Formalin-fixed, paraffin-embedded tissue blocks were available for diagnostic purposes. Sections (3-μm-thick) were cut and mounted on aminopropyltriethoxysilane-coated slides, and hematoxylin and eosin staining was performed to assess histopathological features. Clinical tumor size (T), lymph node metastasis (N), and distant metastasis (M) were categorized according to the tumor-node-metastasis (TNM) classification of the International Union against Cancer (Sobin et al., 2009). Histological classification was determined using the criteria of the World Health Organization (Travis et al., 2015).

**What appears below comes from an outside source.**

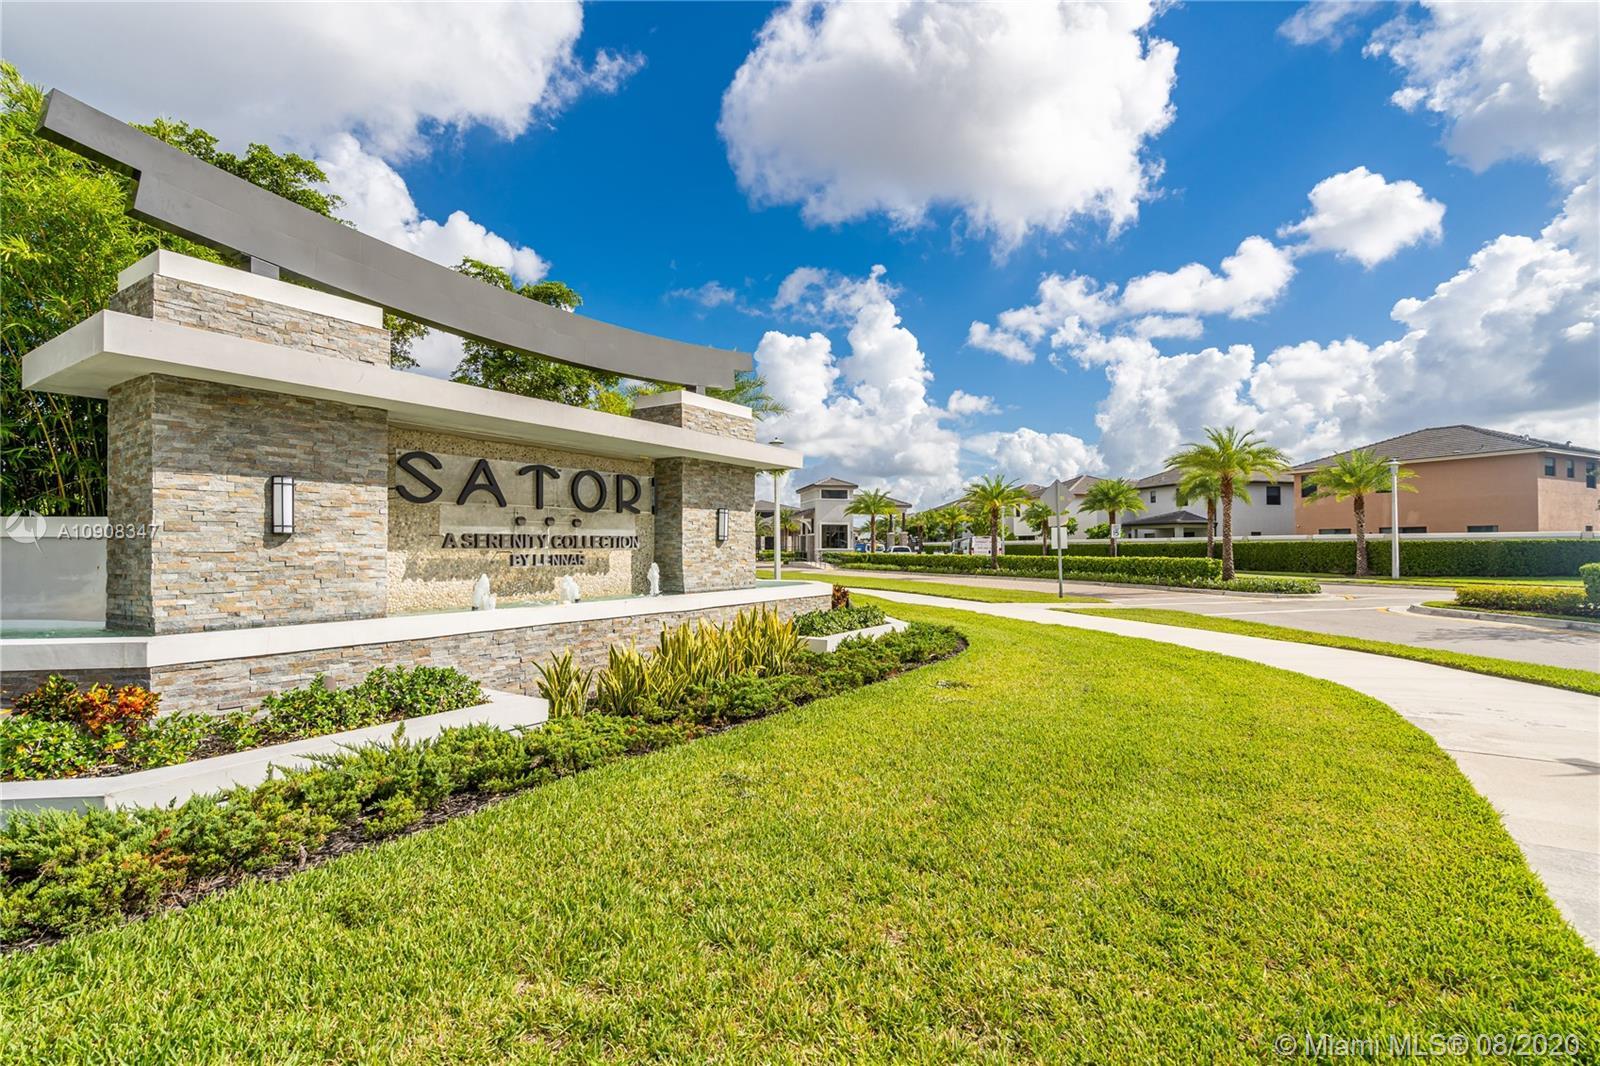 Miami Lakes - 8935 NW 161st Ter, Miami Lakes, FL 33018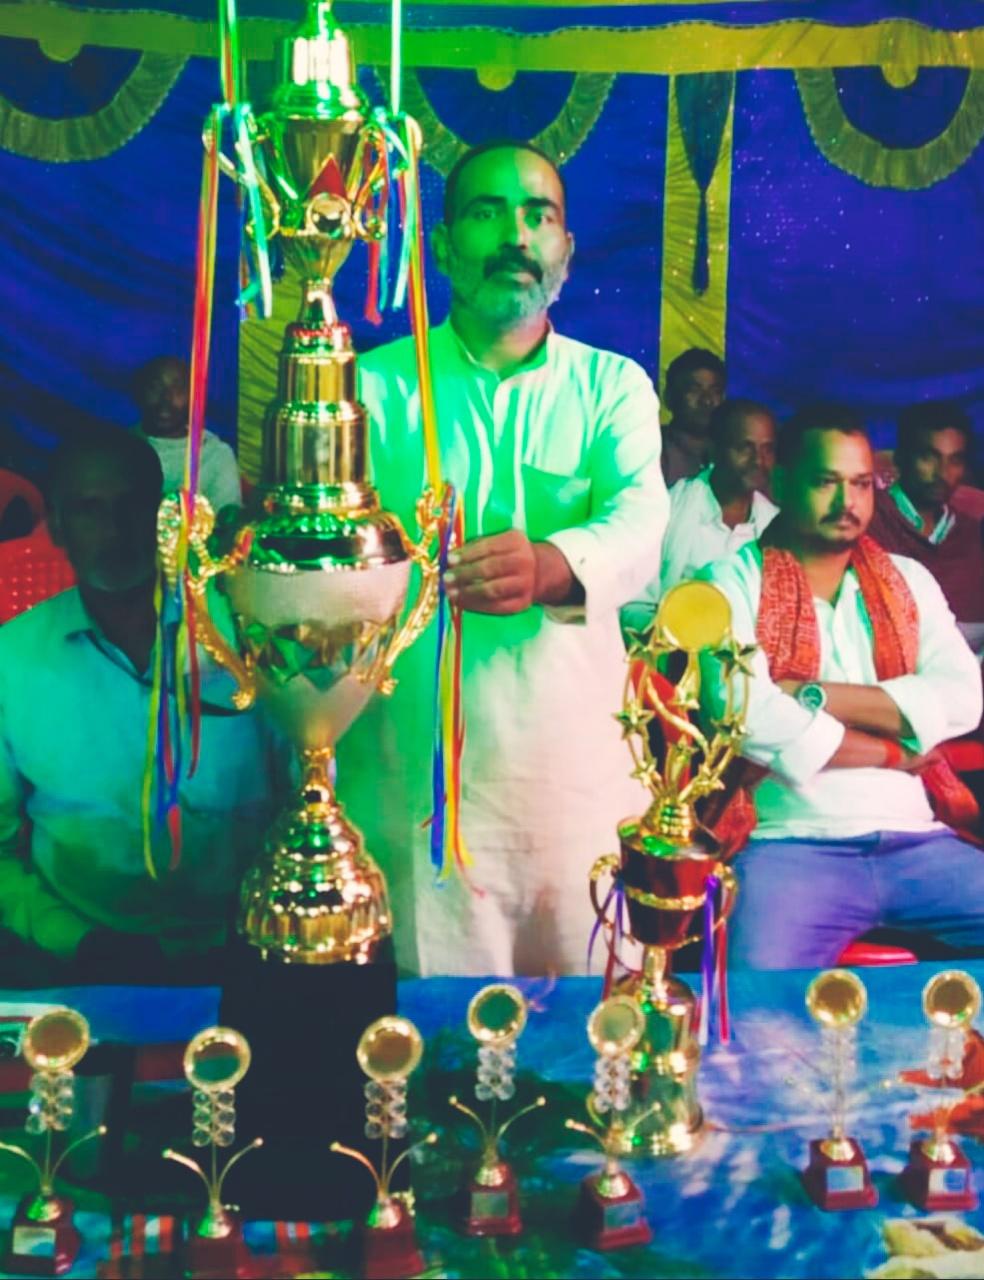 क्रिकेट टूर्नामेंट में 16 टीमों ने लिया भाग,दिऊल एकादश को हरा अभिमन्यु एकादश कप पर कब्जा जमाया

Assessment of treatment outcomes

Computerized tomography scanning was performed before treatment, every 3 months during treatment until completion, and every 3–6 months thereafter until disease progression. Tumor response to chemotherapy was assessed according to the criteria of the response evaluation criteria for solid tumors (RECIST) (Eisenhauer et al., 2009) and was classified as complete response (CR), partial response (PR), stable disease (SD), or progressive disease (PD). CR was defined as disappearance of all target lesions, PR as ≥30% decrease in the sum of target lesion diameters, SD as <20% increase or <30% decrease in the sum of diameter of target lesions, and PD as ≥20% increase in the sum of target lesion diameters and at least a 5 mm absolute increase or appearance of new lesions. Patients who achieved CR or PR were considered to have good tumor responses, whereas SD or PD were considered poor tumor responses.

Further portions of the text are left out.